- Born: Augusta Lynn Bolles 12 December 1949 Passaic, New Jersey, U.S.
- Died: 8 February 2026 (aged 76) Mitchellville, Maryland, U.S.
- Citizenship: United States
- Education: Syracuse University Rutgers University
- Occupation: Anthropologist
- Spouse: James Mackin Walsh
- Writing career
- Language: English

= Lynn Bolles =

American anthropologist (1949–2026)

Augusta Lynn Bolles (12 December 1949 – 8 February 2026) was an American anthropologist who was a professor Emerita of women's studies and affiliate faculty in anthropology, African American studies, American studies, comparative literature and the Latin American studies center at the University of Maryland, and co-chair of The Cottagers' African American Cultural Festival.

==Early life and career==
Bolles was born in Passaic, New Jersey on 12 December 1949. She graduated with an A.B. in English literature and anthropology from Syracuse University, and an M.A. in anthropology and a Ph.D. in sociocultural anthropology from Rutgers University.
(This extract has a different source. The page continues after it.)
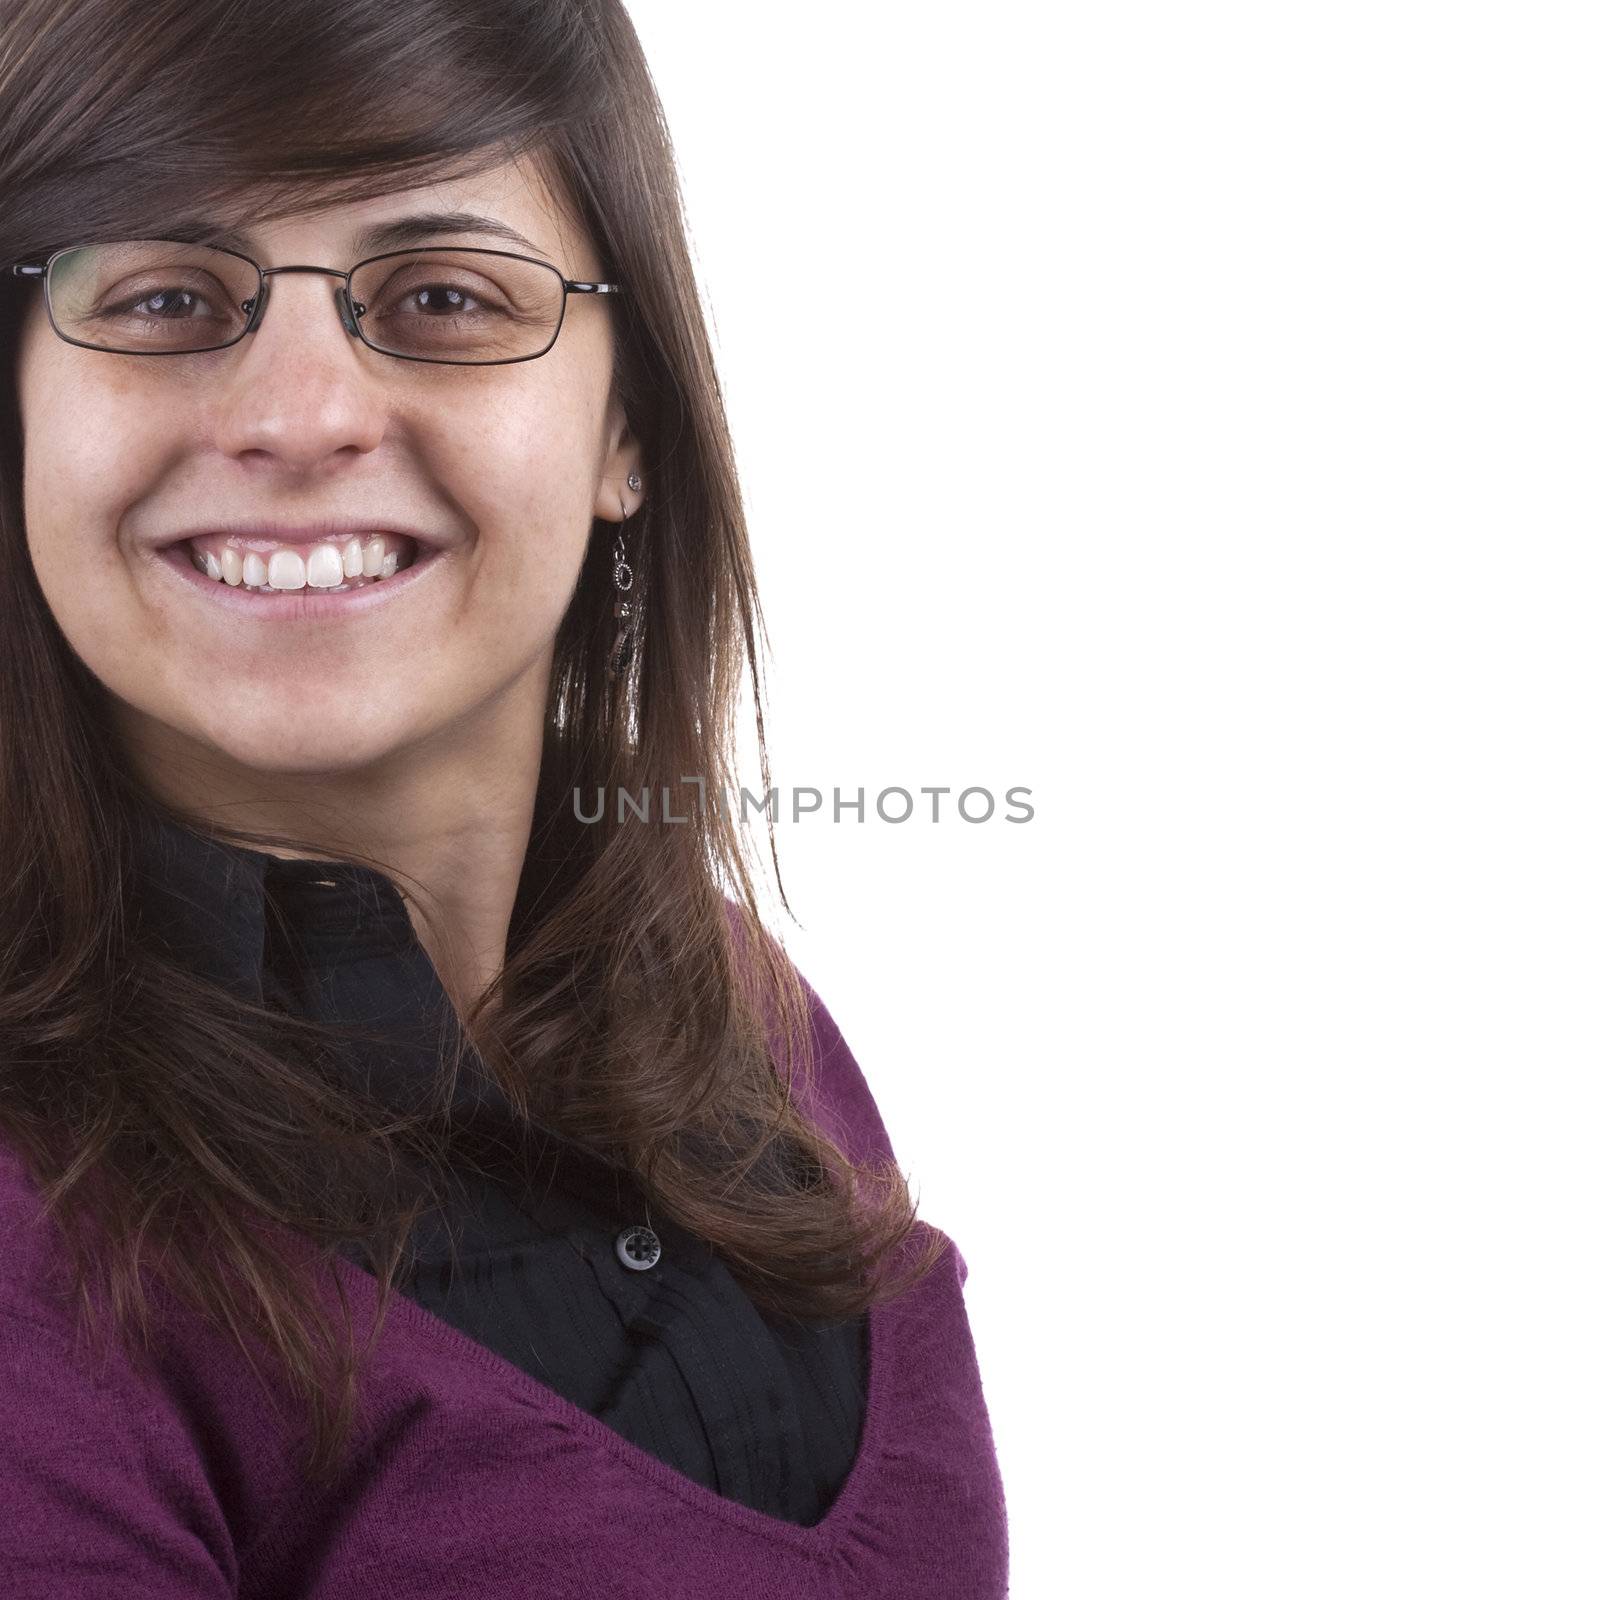 young beautiful businesswoman with glasses isolated on white background

She is the daughter of Augusta Beebe Bolles and George Bolles. She married James Mackin Walsh on February 9, 1980, in the Kirkpatrick Chapel of Rutgers University in New Brunswick, New Jersey.
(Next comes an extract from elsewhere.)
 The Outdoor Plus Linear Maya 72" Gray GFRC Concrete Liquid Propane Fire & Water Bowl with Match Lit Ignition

Bolles is credited as a path maker in Black feminist anthropology with theories focused on care and for paving the way for the Cite Black Women movement founded by Christen A. Smith. Prior to teaching at the University of Maryland, Bolles was a professor of sociology and anthropology and the director of African-American studies at Bowdoin College. She also served as president of the Association of Black Anthropologists (1983–1984), the Caribbean Studies Association (1997–1998), the Association for Feminist Anthropology (2001–2003), and the Society for the Anthropology of North America (2009–2011).

==Death==
Bolles died of heart failure in Mitchellville, Maryland, on 8 February 2026, at the age of 76. She was survived by her husband and two sons.

==Selected publications==
- Bolles, A. L. (2023). Decolonizing anthropology: An ongoing process. American Ethnologist, 50(3), 519-522.
- Bolles, A. L., Boellstorff, T., Dudgeon, M. R., Khandelwal, M. R., Kingfisher, C., Kramer, E. A., ... & Theidon, K. (2016). Mapping feminist anthropology in the twenty-first century. Rutgers University Press.
- Bolles, A. L. (1996). We paid our dues : women trade union leaders of the Caribbean. Howard University Press.
- Bolles, A. L. (1996). Sister Jamaica : a study of women, work, and households in Kingston. University Press of America.
- Bolles, L. A. (1987). Anthropological research methods for the study of women in the Caribbean. Women in Africa and the African Diaspora, 65-77.
- Bolles, L. A. (1987). Anthropological research methods for the study of women in the Caribbean. Women in Africa and the African Diaspora, 65-77.